Anne Dangar

Anne Dangar, née à Kempsey (Australie) en 1885 et morte à Sablons (France) en 1951, est une peintre et céramiste d'origine australienne[1].

Pour les articles homonymes, voir Dangar.

Elle fut l'une des plus ferventes disciples du peintre, dessinateur, graveur, philosophe et théoricien français, Albert Gleizes qui lui confia à partir de 1930 la gestion de la communauté d'artistes qu'il a lui-même fondée à Moly-Sabata.

Biographie

Naissance et famille

Albert Gleizes photographié par Pierre Choumoff vers 1920.

Anne Dangar est née à Kempsey (Australie), une ville de l'état de Nouvelle-Galles du Sud. Elle est la fille de Otho Orde Dangar, membre de l'Assemblée législative au Parlement de Nouvelle-Galles du Sud, et de Elizabeth Dangar.

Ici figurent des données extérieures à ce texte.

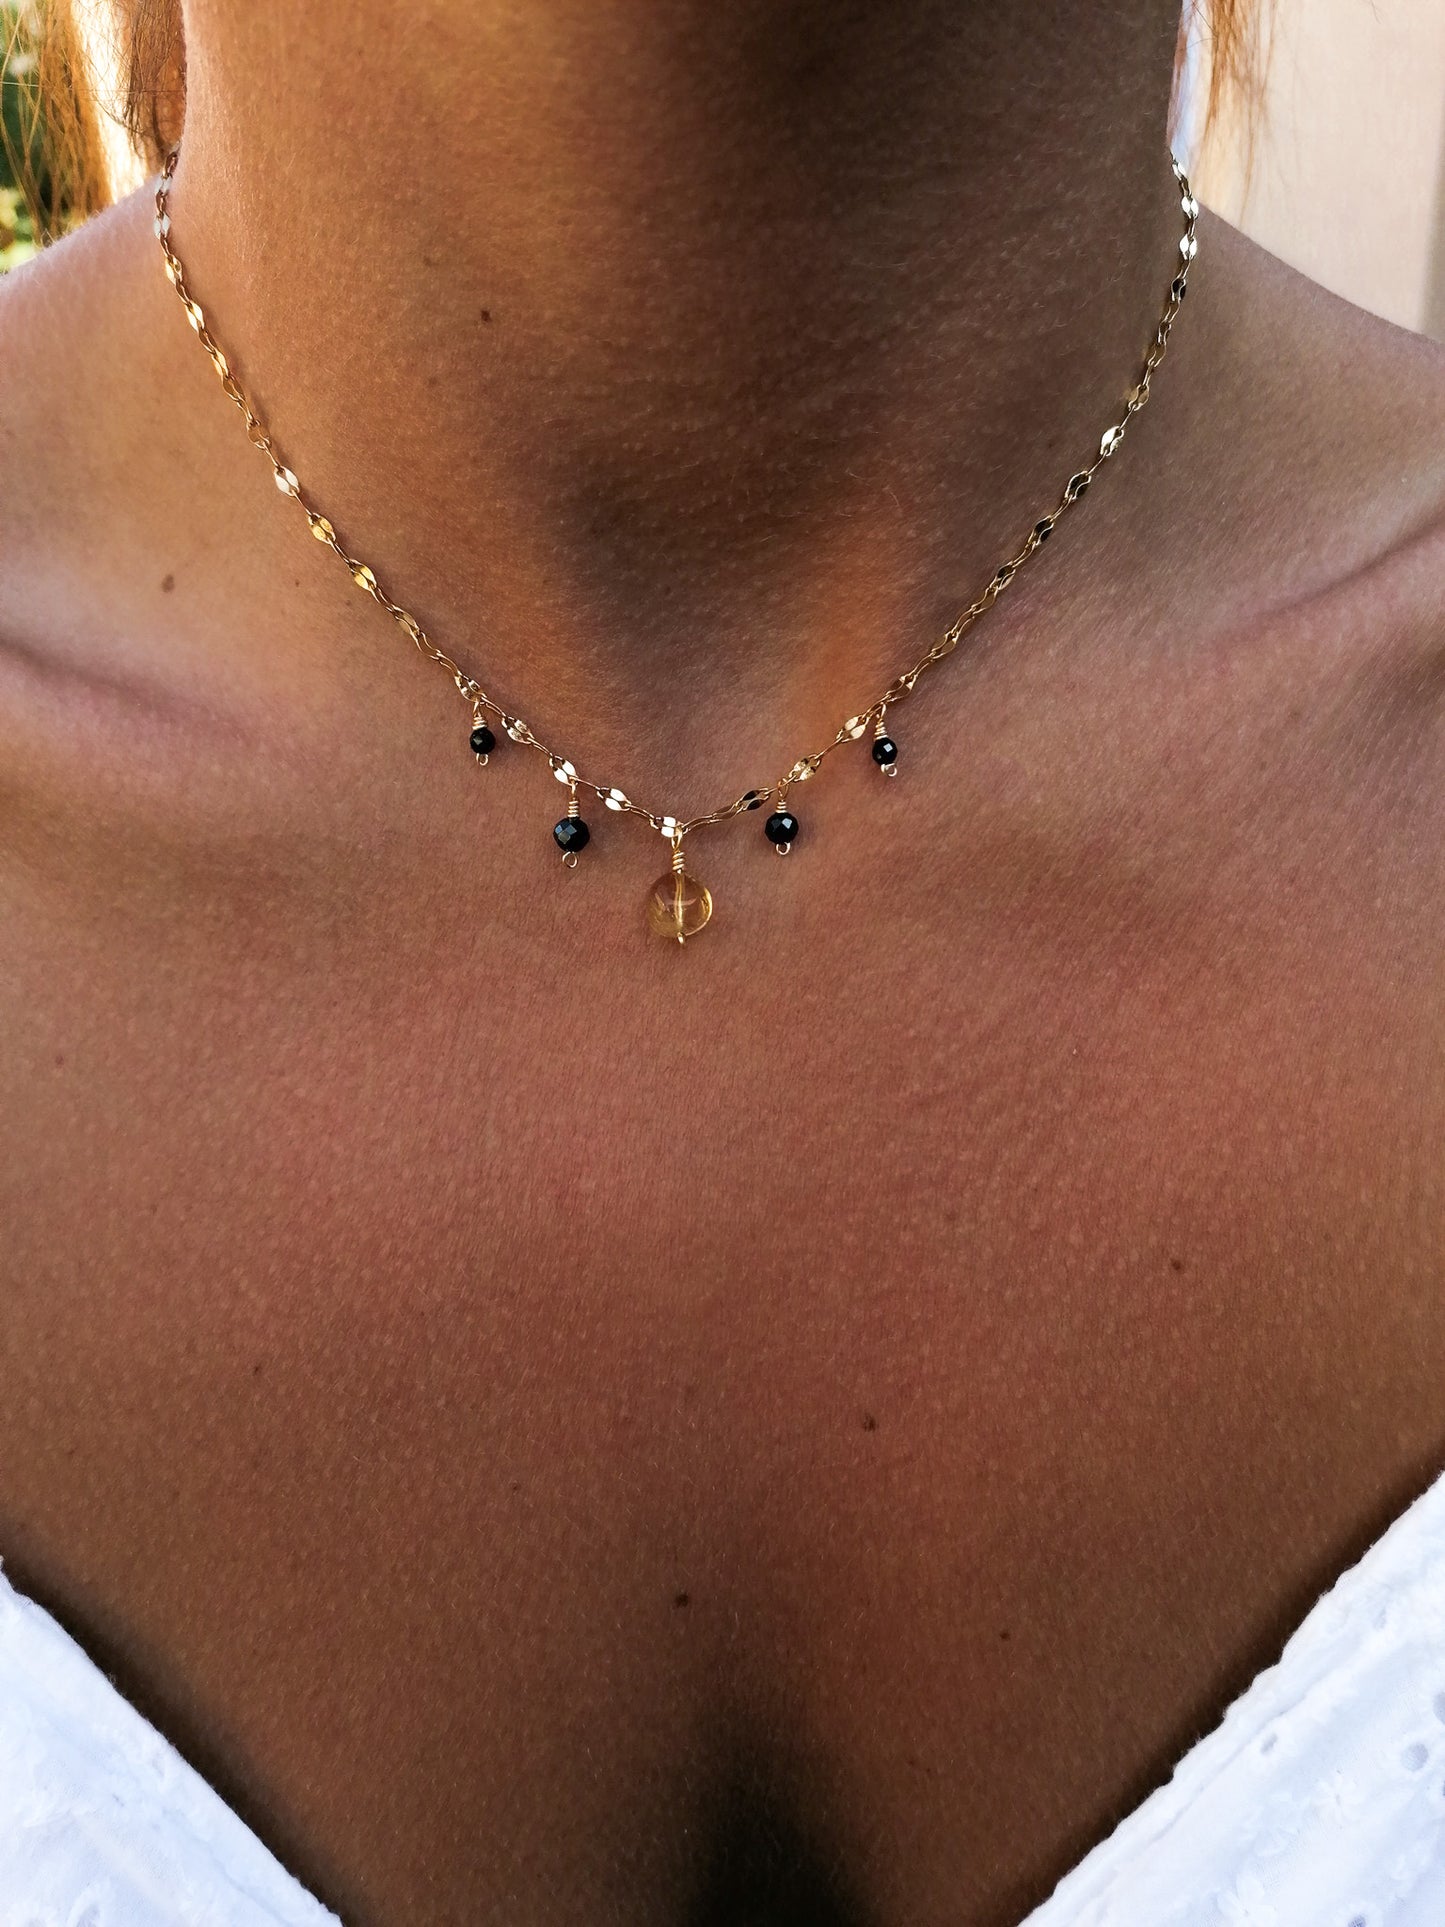 Erica necklace

On connait surtout Anne Dangar et son œuvre grâce à ses échanges épistolaires notamment avec son ami Grace Crowley (en) également peintre.

Ses débuts

C'est en 1906 que la vie artistique d'Anne Dangar débute. Elle est alors âgée de 21 ans lorsqu'elle devient l'élève d'Horace Moore-Jones (en) puis de Julian Ashton à la Julian Ashton Art School (en). Elle enseigne dans cette même école en 1920 alors qu'elle travaille pour la grande maison d'édition Angus & Robertson (en).

Voyage en France

Du "Cubisme", 1912, Jean Metzinger, Albert Gleizes, Eugène Figuière Editeurs (cover)
Albert Gleizes (after) 2. Mouvements simultanés de rotation et de translation du plan

En 1926, elle voyage pour la première fois en France, où elle séjourne pendant deux ans en compagnie de son amie de toujours Grace Crowley (en). Elle assiste le peintre cubiste André Lhote, dans son Académie à Paris[2] ainsi que lors de stages d'été qu'il organise dans sa maison à Mirmande dans la Drôme.

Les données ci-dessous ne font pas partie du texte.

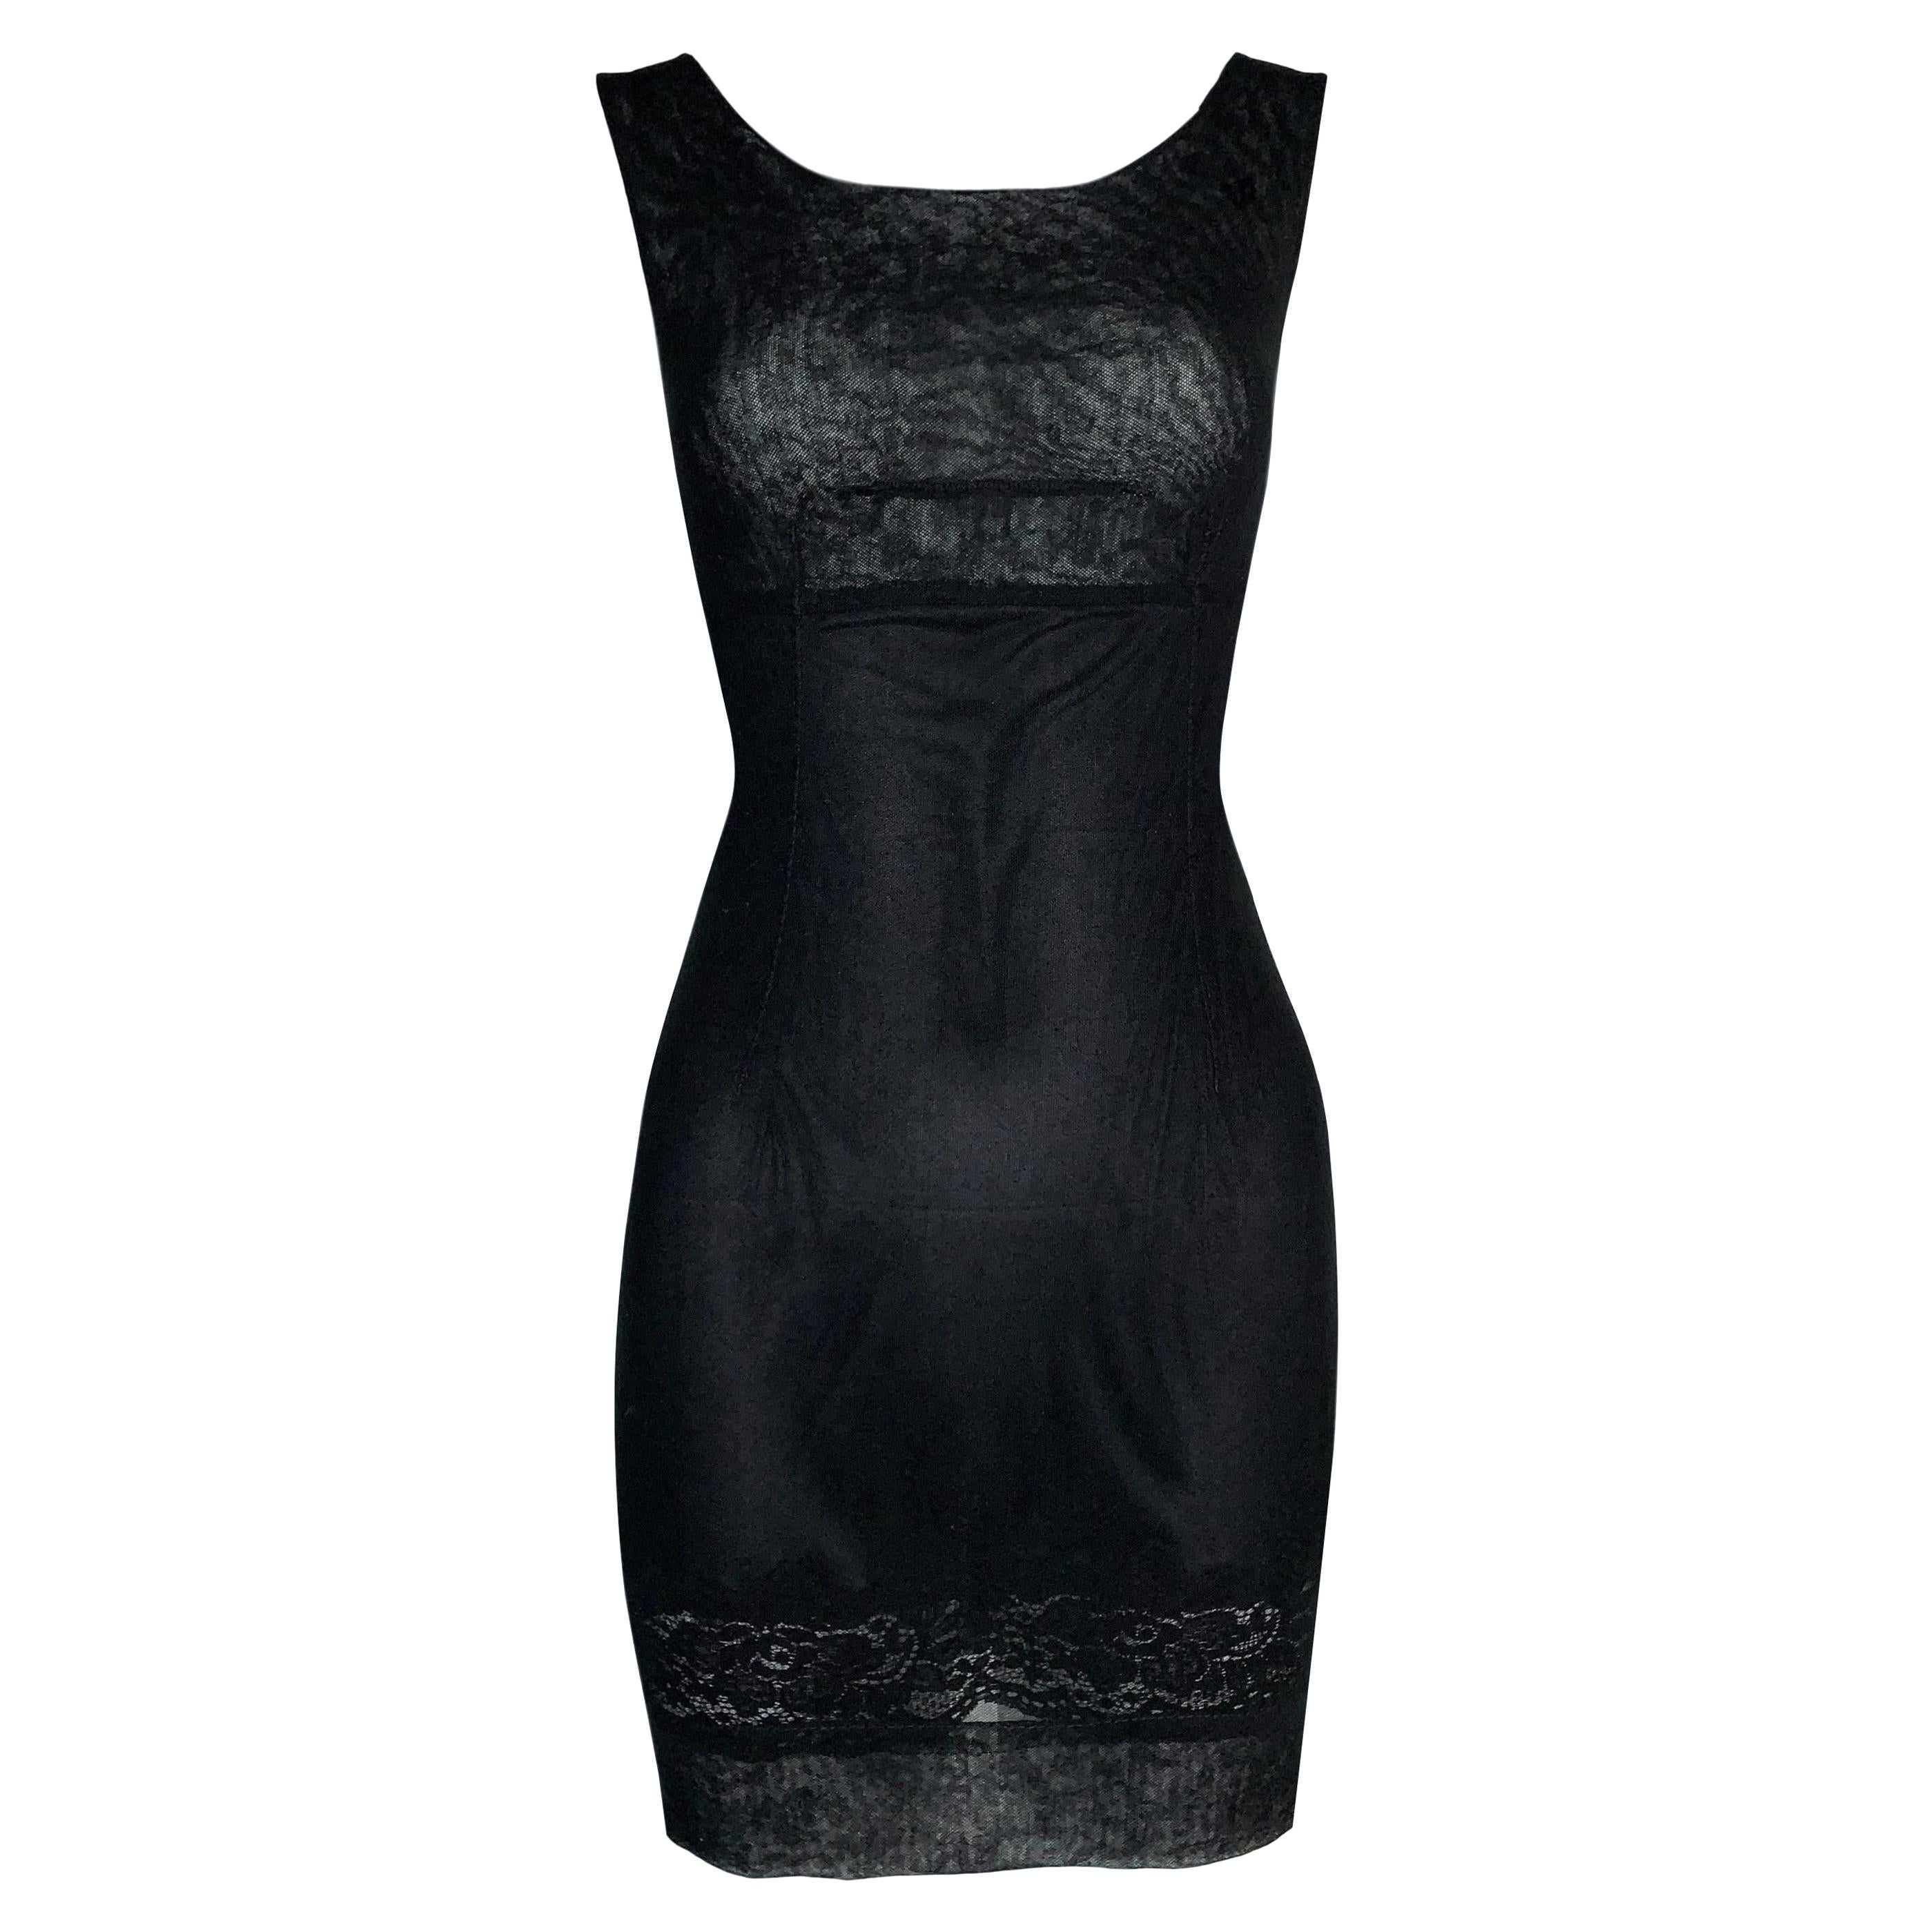 S/S 1998 Dolce & Gabbana Sheer Black Mesh Lace Mini Dress

Lors de ce séjour en France, elle découvre l’œuvre d'Albert Gleizes, l'un des fondateurs du cubisme et auteur de l'ouvrage théorique La Peinture et ses Lois qui constitue le fondement du travail d'Anne Dangar. Elle est en effet séduite par la nouvelle approche du champ pictural décrit part Gleizes, découlant de la peinture de Cézanne et du cubisme. Pour Gleizes, l’artiste doit rompre avec les théories issue de la Renaissance notamment sur la perspective et revenir à l'Art roman. Le “tableau-objet” de Gleizes est construit sur des principes de “translation et de rotation” de plans géométriques qui s’enchainent les uns les autres créant rythme et cadence. C’est dans ce nouvel espace que l’œil peut appréhender la profondeur et le mouvement[3].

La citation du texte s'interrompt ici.